What to do:
Extract every line below, verbatim.

Information supplied:
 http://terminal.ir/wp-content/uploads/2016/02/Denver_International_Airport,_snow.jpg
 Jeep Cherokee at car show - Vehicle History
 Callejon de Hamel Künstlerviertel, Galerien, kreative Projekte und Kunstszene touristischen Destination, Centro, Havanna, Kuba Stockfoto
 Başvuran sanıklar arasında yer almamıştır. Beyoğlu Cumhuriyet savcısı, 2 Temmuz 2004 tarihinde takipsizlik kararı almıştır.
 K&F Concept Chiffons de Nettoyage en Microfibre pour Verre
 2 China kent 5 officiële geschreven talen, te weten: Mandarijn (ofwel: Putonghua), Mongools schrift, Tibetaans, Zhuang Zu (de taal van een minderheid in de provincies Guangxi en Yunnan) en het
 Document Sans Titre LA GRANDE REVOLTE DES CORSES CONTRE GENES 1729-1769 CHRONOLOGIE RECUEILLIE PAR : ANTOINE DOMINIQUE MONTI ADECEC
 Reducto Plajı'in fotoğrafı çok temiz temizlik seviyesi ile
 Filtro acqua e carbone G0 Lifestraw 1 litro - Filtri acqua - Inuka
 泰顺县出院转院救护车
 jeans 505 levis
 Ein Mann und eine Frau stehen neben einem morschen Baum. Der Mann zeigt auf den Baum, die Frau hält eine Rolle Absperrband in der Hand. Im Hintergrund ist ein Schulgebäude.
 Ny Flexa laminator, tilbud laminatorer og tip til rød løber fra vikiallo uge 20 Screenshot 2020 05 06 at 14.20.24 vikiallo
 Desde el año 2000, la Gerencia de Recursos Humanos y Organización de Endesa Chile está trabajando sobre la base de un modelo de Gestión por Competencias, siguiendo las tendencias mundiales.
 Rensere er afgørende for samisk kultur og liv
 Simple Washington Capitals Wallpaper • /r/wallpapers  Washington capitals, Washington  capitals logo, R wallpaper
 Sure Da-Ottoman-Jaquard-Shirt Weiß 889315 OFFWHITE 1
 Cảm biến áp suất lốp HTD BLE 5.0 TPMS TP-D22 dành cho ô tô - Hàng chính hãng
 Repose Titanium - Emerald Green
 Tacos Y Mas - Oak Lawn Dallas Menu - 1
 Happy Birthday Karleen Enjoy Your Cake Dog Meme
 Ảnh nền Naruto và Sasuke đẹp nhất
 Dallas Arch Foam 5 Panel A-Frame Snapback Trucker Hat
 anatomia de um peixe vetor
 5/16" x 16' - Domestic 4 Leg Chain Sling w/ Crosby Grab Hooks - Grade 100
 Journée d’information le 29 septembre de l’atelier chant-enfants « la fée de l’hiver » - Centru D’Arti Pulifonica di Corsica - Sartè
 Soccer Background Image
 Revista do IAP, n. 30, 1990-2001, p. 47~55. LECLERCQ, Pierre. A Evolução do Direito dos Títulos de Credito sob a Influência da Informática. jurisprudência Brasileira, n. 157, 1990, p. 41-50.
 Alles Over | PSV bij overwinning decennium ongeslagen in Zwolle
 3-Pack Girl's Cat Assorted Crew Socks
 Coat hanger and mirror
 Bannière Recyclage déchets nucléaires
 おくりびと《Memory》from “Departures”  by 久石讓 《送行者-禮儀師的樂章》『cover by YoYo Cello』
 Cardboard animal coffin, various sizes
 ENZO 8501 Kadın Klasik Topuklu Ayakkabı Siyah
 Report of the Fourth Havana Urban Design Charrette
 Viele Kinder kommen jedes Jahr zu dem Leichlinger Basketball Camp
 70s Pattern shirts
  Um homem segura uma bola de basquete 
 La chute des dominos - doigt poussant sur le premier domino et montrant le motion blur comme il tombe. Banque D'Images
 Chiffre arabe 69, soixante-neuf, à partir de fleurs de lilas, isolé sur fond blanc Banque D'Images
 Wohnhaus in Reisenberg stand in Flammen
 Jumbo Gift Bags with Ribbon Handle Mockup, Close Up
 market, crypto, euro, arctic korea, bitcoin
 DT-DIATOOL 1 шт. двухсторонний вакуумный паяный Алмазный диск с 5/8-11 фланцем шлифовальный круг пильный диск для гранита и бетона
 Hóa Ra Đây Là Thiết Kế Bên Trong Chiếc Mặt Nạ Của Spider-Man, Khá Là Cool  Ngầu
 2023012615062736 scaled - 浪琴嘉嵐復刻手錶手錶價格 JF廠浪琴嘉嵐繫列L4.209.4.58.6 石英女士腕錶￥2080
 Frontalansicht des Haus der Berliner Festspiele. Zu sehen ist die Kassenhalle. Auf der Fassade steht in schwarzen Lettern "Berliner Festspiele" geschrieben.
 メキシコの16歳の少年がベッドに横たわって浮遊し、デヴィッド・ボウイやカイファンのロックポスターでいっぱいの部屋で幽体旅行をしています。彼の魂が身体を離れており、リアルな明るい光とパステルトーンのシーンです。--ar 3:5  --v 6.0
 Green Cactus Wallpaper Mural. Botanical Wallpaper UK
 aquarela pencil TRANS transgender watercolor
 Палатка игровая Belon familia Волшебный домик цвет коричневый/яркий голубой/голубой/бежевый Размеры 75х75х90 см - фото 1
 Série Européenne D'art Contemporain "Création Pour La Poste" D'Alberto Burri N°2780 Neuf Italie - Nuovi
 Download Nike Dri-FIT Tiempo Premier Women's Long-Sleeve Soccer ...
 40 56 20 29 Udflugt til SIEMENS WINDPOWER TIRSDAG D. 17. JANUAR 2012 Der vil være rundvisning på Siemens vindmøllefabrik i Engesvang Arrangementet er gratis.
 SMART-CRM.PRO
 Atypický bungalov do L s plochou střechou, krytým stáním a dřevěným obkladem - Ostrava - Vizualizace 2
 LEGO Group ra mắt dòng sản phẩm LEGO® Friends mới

Reply to the exercise:
 http://terminal.ir/wp-content/uploads/2016/02/Denver_International_Airport,_snow.jpg
 Jeep Cherokee at car show - Vehicle History
 Callejon de Hamel Künstlerviertel, Galerien, kreative Projekte und Kunstszene touristischen Destination, Centro, Havanna, Kuba Stockfoto
 Başvuran sanıklar arasında yer almamıştır. Beyoğlu Cumhuriyet savcısı, 2 Temmuz 2004 tarihinde takipsizlik kararı almıştır.
 K&F Concept Chiffons de Nettoyage en Microfibre pour Verre
 2 China kent 5 officiële geschreven talen, te weten: Mandarijn (ofwel: Putonghua), Mongools schrift, Tibetaans, Zhuang Zu (de taal van een minderheid in de provincies Guangxi en Yunnan) en het
 Document Sans Titre LA GRANDE REVOLTE DES CORSES CONTRE GENES 1729-1769 CHRONOLOGIE RECUEILLIE PAR : ANTOINE DOMINIQUE MONTI ADECEC
 Reducto Plajı'in fotoğrafı çok temiz temizlik seviyesi ile
 Filtro acqua e carbone G0 Lifestraw 1 litro - Filtri acqua - Inuka
 泰顺县出院转院救护车
 jeans 505 levis
 Ein Mann und eine Frau stehen neben einem morschen Baum. Der Mann zeigt auf den Baum, die Frau hält eine Rolle Absperrband in der Hand. Im Hintergrund ist ein Schulgebäude.
 Ny Flexa laminator, tilbud laminatorer og tip til rød løber fra vikiallo uge 20 Screenshot 2020 05 06 at 14.20.24 vikiallo
 Desde el año 2000, la Gerencia de Recursos Humanos y Organización de Endesa Chile está trabajando sobre la base de un modelo de Gestión por Competencias, siguiendo las tendencias mundiales.
 Rensere er afgørende for samisk kultur og liv
 Simple Washington Capitals Wallpaper • /r/wallpapers  Washington capitals, Washington  capitals logo, R wallpaper
 Sure Da-Ottoman-Jaquard-Shirt Weiß 889315 OFFWHITE 1
 Cảm biến áp suất lốp HTD BLE 5.0 TPMS TP-D22 dành cho ô tô - Hàng chính hãng
 Repose Titanium - Emerald Green
 Tacos Y Mas - Oak Lawn Dallas Menu - 1
 Happy Birthday Karleen Enjoy Your Cake Dog Meme
 Ảnh nền Naruto và Sasuke đẹp nhất
 Dallas Arch Foam 5 Panel A-Frame Snapback Trucker Hat
 anatomia de um peixe vetor
 5/16" x 16' - Domestic 4 Leg Chain Sling w/ Crosby Grab Hooks - Grade 100
 Journée d’information le 29 septembre de l’atelier chant-enfants « la fée de l’hiver » - Centru D’Arti Pulifonica di Corsica - Sartè
 Soccer Background Image
 Revista do IAP, n. 30, 1990-2001, p. 47~55. LECLERCQ, Pierre. A Evolução do Direito dos Títulos de Credito sob a Influência da Informática. jurisprudência Brasileira, n. 157, 1990, p. 41-50.
 Alles Over | PSV bij overwinning decennium ongeslagen in Zwolle
 3-Pack Girl's Cat Assorted Crew Socks
 Coat hanger and mirror
 Bannière Recyclage déchets nucléaires
 おくりびと《Memory》from “Departures”  by 久石讓 《送行者-禮儀師的樂章》『cover by YoYo Cello』
 Cardboard animal coffin, various sizes
 ENZO 8501 Kadın Klasik Topuklu Ayakkabı Siyah
 Report of the Fourth Havana Urban Design Charrette
 Viele Kinder kommen jedes Jahr zu dem Leichlinger Basketball Camp
 70s Pattern shirts
  Um homem segura uma bola de basquete 
 La chute des dominos - doigt poussant sur le premier domino et montrant le motion blur comme il tombe. Banque D'Images
 Chiffre arabe 69, soixante-neuf, à partir de fleurs de lilas, isolé sur fond blanc Banque D'Images
 Wohnhaus in Reisenberg stand in Flammen
 Jumbo Gift Bags with Ribbon Handle Mockup, Close Up
 market, crypto, euro, arctic korea, bitcoin
 DT-DIATOOL 1 шт. двухсторонний вакуумный паяный Алмазный диск с 5/8-11 фланцем шлифовальный круг пильный диск для гранита и бетона
 Hóa Ra Đây Là Thiết Kế Bên Trong Chiếc Mặt Nạ Của Spider-Man, Khá Là Cool  Ngầu
 2023012615062736 scaled - 浪琴嘉嵐復刻手錶手錶價格 JF廠浪琴嘉嵐繫列L4.209.4.58.6 石英女士腕錶￥2080
 Frontalansicht des Haus der Berliner Festspiele. Zu sehen ist die Kassenhalle. Auf der Fassade steht in schwarzen Lettern "Berliner Festspiele" geschrieben.
 メキシコの16歳の少年がベッドに横たわって浮遊し、デヴィッド・ボウイやカイファンのロックポスターでいっぱいの部屋で幽体旅行をしています。彼の魂が身体を離れており、リアルな明るい光とパステルトーンのシーンです。--ar 3:5  --v 6.0
 Green Cactus Wallpaper Mural. Botanical Wallpaper UK
 aquarela pencil TRANS transgender watercolor
 Палатка игровая Belon familia Волшебный домик цвет коричневый/яркий голубой/голубой/бежевый Размеры 75х75х90 см - фото 1
 Série Européenne D'art Contemporain "Création Pour La Poste" D'Alberto Burri N°2780 Neuf Italie - Nuovi
 Download Nike Dri-FIT Tiempo Premier Women's Long-Sleeve Soccer ...
 40 56 20 29 Udflugt til SIEMENS WINDPOWER TIRSDAG D. 17. JANUAR 2012 Der vil være rundvisning på Siemens vindmøllefabrik i Engesvang Arrangementet er gratis.
 SMART-CRM.PRO
 Atypický bungalov do L s plochou střechou, krytým stáním a dřevěným obkladem - Ostrava - Vizualizace 2
 LEGO Group ra mắt dòng sản phẩm LEGO® Friends mới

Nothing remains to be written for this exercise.